From a569469e967022d9ceeaa4b73619f96614087d2d Mon Sep 17 00:00:00 2001
From: Jin Xu <jinuxstyle@gmail.com>
Date: Mon, 5 Aug 2013 20:02:04 +0800
Subject: f2fs: fix a deadlock in fsync

This patch fixes a deadlock bug that occurs quite often when there are
concurrent write and fsync on a same file.

Following is the simplified call trace when tasks get hung.

fsync thread:
- f2fs_sync_file
 ...
 - f2fs_write_data_pages
 ...
  - update_extent_cache
  ...
   - update_inode
    - wait_on_page_writeback

bdi writeback thread
- __writeback_single_inode
 - f2fs_write_data_pages
  - mutex_lock(sbi->writepages)

The deadlock happens when the fsync thread waits on a inode page that has
been added to the f2fs' cached bio sbi->bio[NODE], and unfortunately,
no one else could be able to submit the cached bio to block layer for
writeback. This is because the fsync thread already hold a sbi->fs_lock and
the sbi->writepages lock, causing the bdi thread being blocked when attempt
to write data pages for the same inode. At the same time, f2fs_gc thread
does not notice the situation and could not help.
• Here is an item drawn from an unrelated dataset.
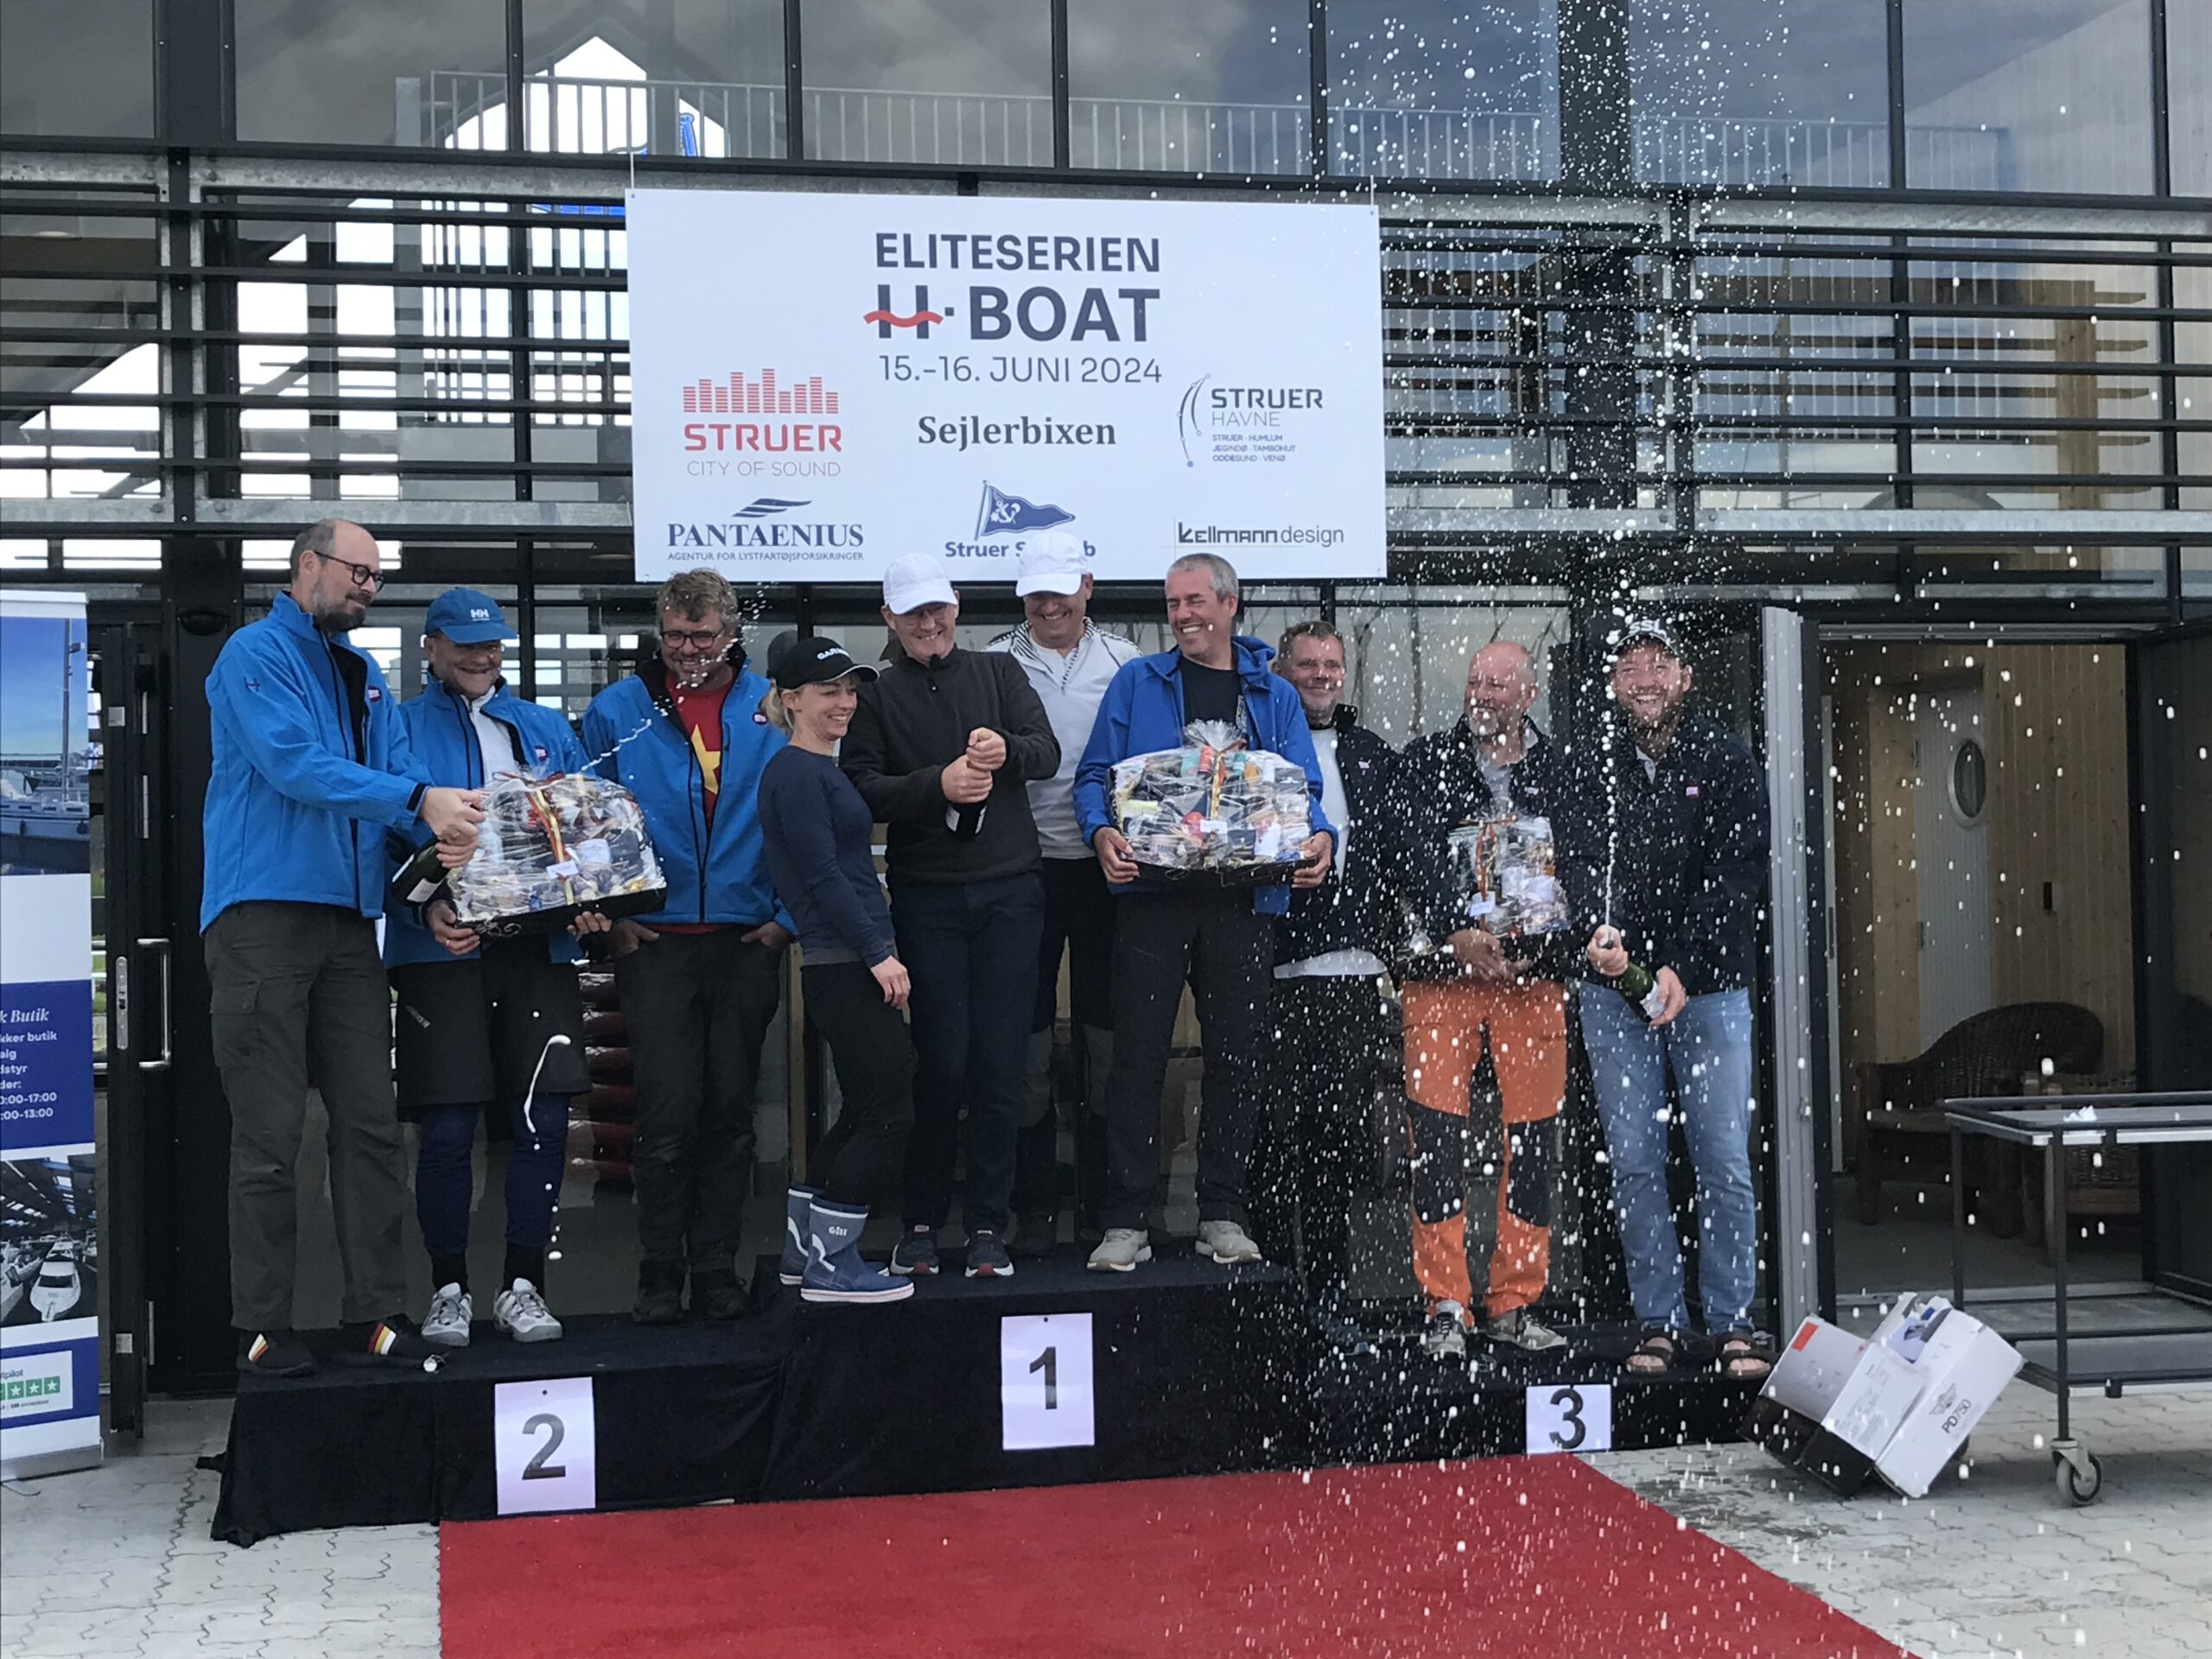 Tak til Struer Sejlklub for skønt værtsskab af H-bådsklassens 2. stævne i Eliteserien

Even the sync syscall
gets blocked.

To fix it, we could submit the cached bio first before waiting on a inode page
that is being written back.

Signed-off-by: Jin Xu <jinuxstyle@gmail.com>
[Jaegeuk Kim: add more cases to use f2fs_wait_on_page_writeback]
Signed-off-by: Jaegeuk Kim <jaegeuk.kim@samsung.com>
---
 fs/f2fs/data.c    |  2 +-
 fs/f2fs/f2fs.h    |  3 ++-
 fs/f2fs/gc.c      |  8 ++------
 fs/f2fs/inode.c   |  2 +-
 fs/f2fs/segment.c | 10 ++++++++++
 5 files changed, 16 insertions(+), 9 deletions(-)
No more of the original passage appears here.